The oil market remains adequately supplied against a backdrop of heightened tensions in the Middle East, the International Energy Agency said on Tuesday.
“For now, supply keeps flowing, and in the absence of a major disruption, the market is faced with a sizeable surplus in the new year,” the Paris-based energy agency said in its monthly oil market report.
The energy watchdog also said that if necessary, IEA could release crude oil from its public stocks, which hold about 1.2 billion barrels of crude oil, with half a billion barrels held under industry obligations.
Oil prices had surged by more than 10% in the last couple of weeks after Iran fired ballistic missiles towards Israel on October 1.
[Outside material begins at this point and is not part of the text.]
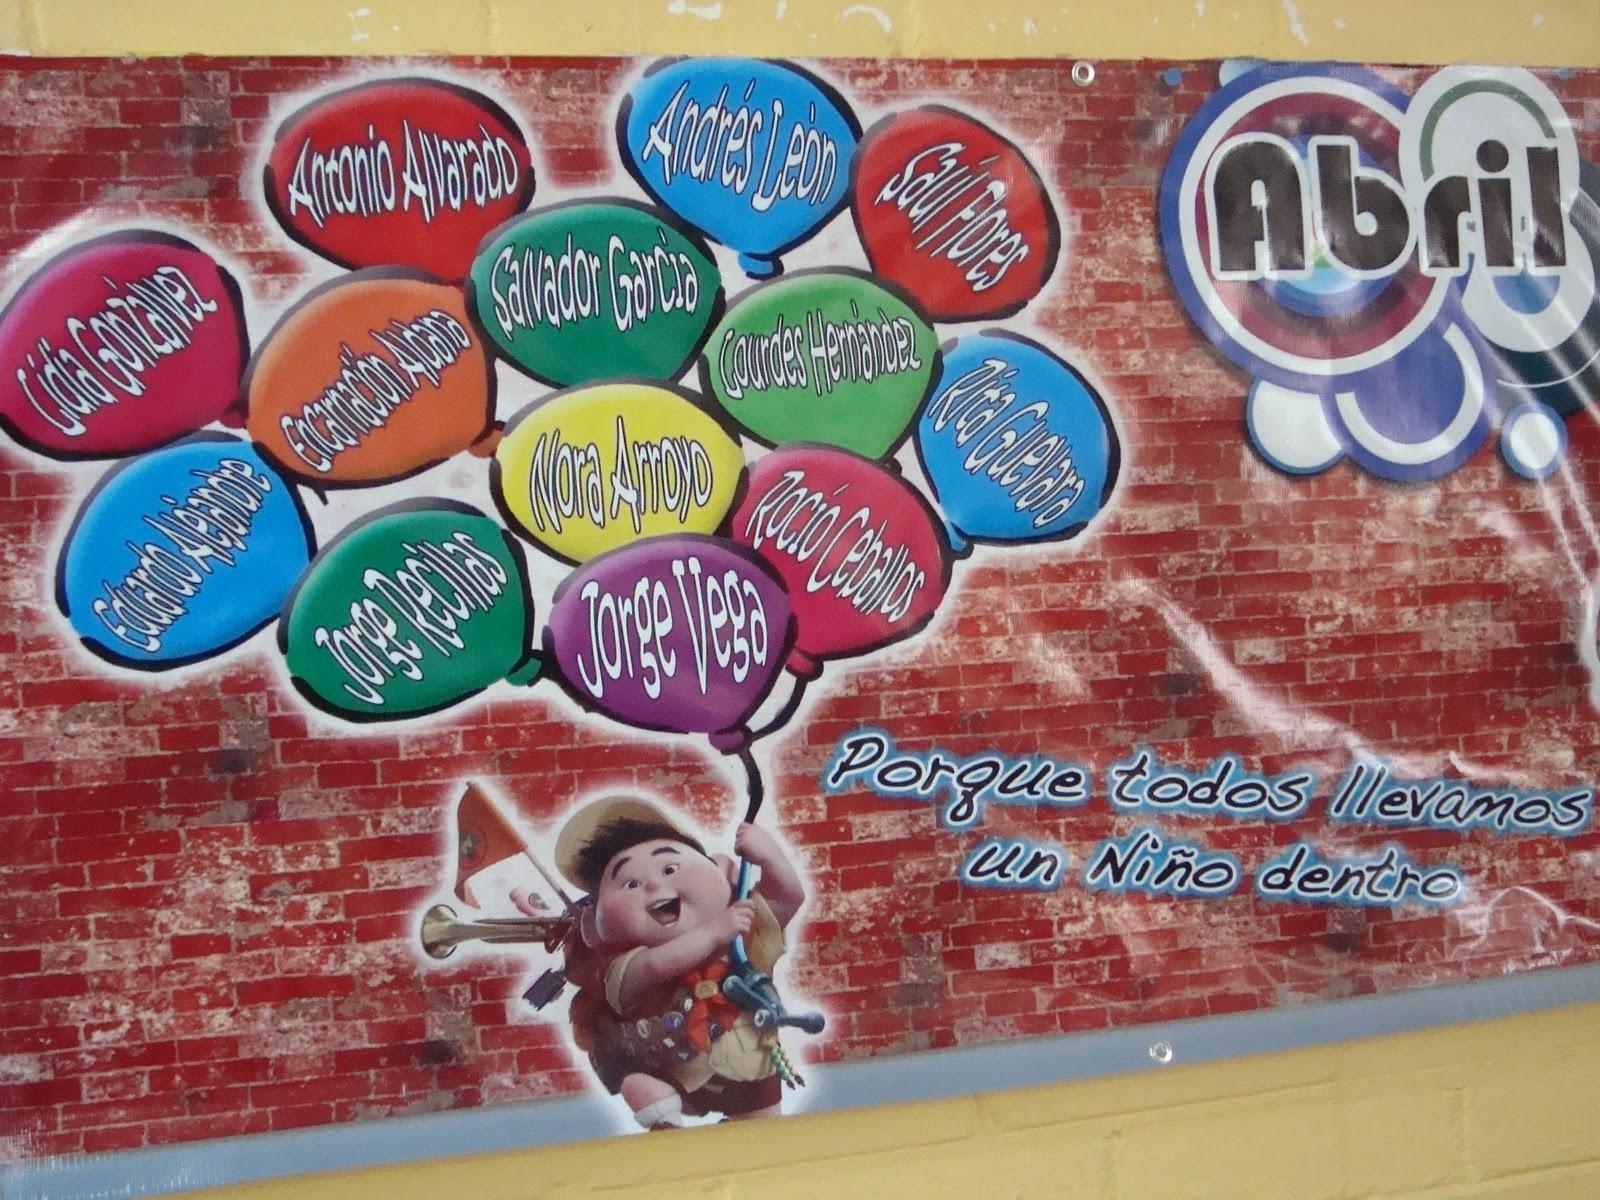 Periodico Mural Del Mes De Abril

Brent prices had breached $80 per barrel in the next few sessions but had since then fallen back to $74-per-barrel level as the market awaits Israel’s response to the attack.
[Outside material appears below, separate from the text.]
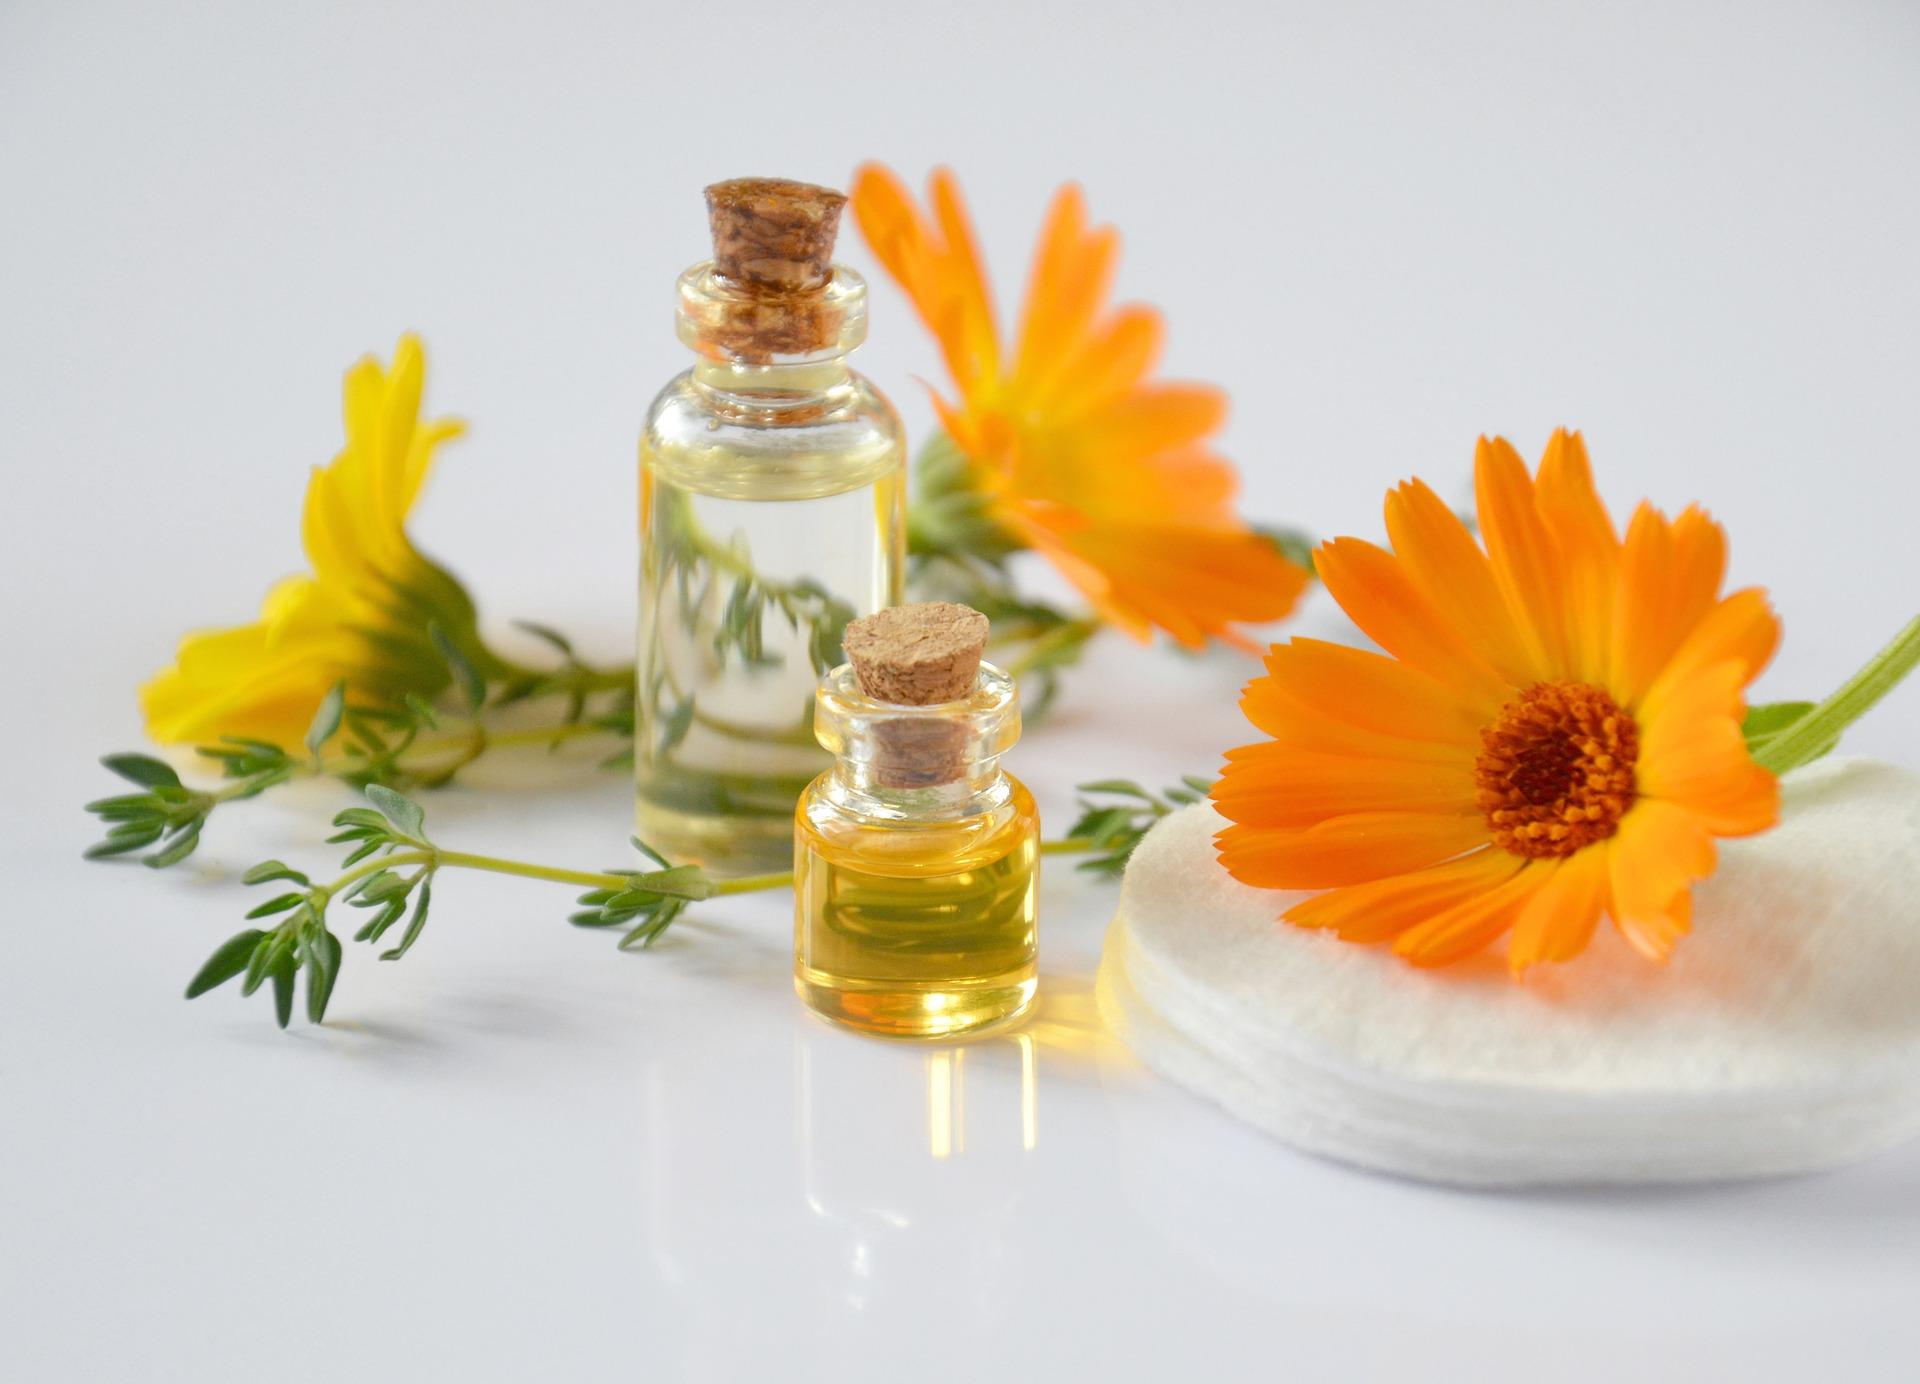 essential-oils-2738555_1920.jpg

At the time of writing, Brent crude was at $74.30 a barrel, down more than 4% from the previous close.
Poor demand forecasts
The IEA said oil demand is expected to grow by just under 900,000 barrels per day in 2024 and by around 1 million barrels per day in 2025.
This is significantly below 2023’s growth of 2.0 million barrels per day.
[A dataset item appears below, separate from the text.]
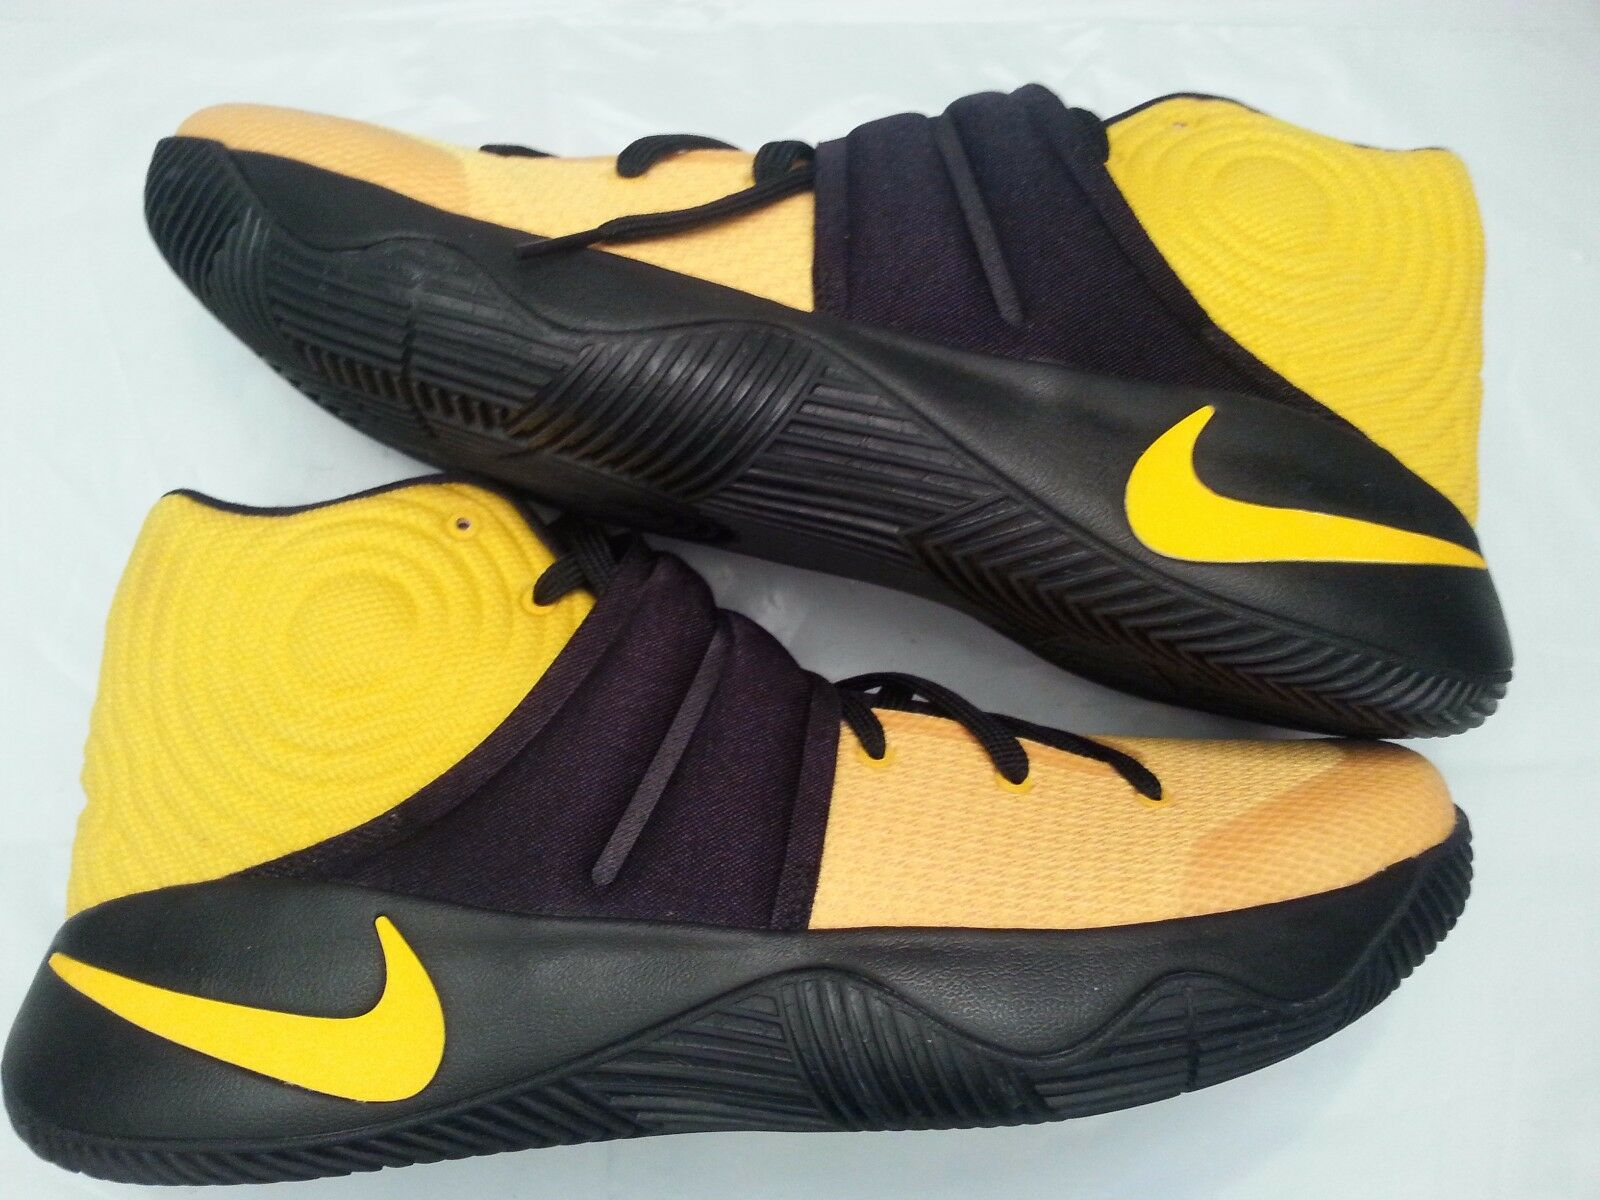 Nike Kyrie 2 ID Black Yellow Size 14. Lebron bhm all star championship mvp

Meanwhile, OPEC also cut its forecasts for growth in global oil demand on Monday.
However, the cartel still expects demand growth at 1.9 million barrels per day in 2024, sharply higher than IEA’s estimates.
For 2025, OPEC expects oil demand to grow by 1.6 million barrels per day, around 600,000 barrels per day higher than IEA’s latest estimates.
The IEA said China’s oil demand is especially weak, with consumption dropping by 500,000 barrels per day in August, its fourth consecutive month of declines.
IEA said:
At the same time, non-OPEC+ oil supply, led by the Americas, continues to make robust gains of around 1.5 mb/d (million barrels per day) this year and next.
Additionally, IEA said China would account for 20% of growth in global oil consumption in 2024 compared with almost 70% last year.
Adequate supply going into 2025
IEA believes the oil market is facing a surplus next year.
This year, supply from countries outside the Organization of the Petroleum Exporting Countries and allies is expected to increase by 1.5 million barrels per day both in 2024 and 2025.
The Americas are expected to account for 80% of gains in oil supply growth, the IEA said in its report.
IEA said:
The United States, Brazil, Guyana and Canada are set to account for most of the increase, boosting output by over 1 mb/d both years, which will more than cover expected demand growth.
At the same time, Libyan oil exports have resumed, following the hard-won agreement that resolved the political dispute that had disrupted oil exports, according to the report.
Moreover, the OPEC+ alliance is sitting on a massive spare production capacity of oil. “Excluding Libya, Iran and Russia, effective spare capacity comfortably exceeded 5 mb/d in September,” IEA said.
“Global oil stocks provide a further buffer, even as observed crude oil inventories drew by 135 mb over the past four months to their lowest since at least 2017 and OECD industry stocks remain well below their five-year average,” the agency added.
However, the agency said that the global refined petroleum product stocks have swelled to three-year highs, pressuring margins across key refining hubs.
Refining margins and global inventories
Refining margins declined further in September as petrol, diesel, and jet fuel cracks deteriorated.
As a result, IEA said that global refinery runs of crude oil is expected to be at 82.8 million barrels per day in 2024, down by 180,000 barrels per day from the previous forecast.
For the year as a whole, refinery runs are expected to grow by just 540,000 barrels a day.
Next year, refinery runs are expected at 83.4 million barrels per day, down 210,000 barrels a day from the previous forecast.
In terms of inventories, global stockpiles fell by 22.3 million barrels in August, led by a 16.5 million barrels draw in crude oil stocks, the IEA said.
“Preliminary data suggest oil stocks fell further in September. Relatively robust refining activity and OPEC+ supply cuts have underpinned a 135 mb draw in crude stocks since May, while product stocks built by 35 mb over the same period,” the agency said.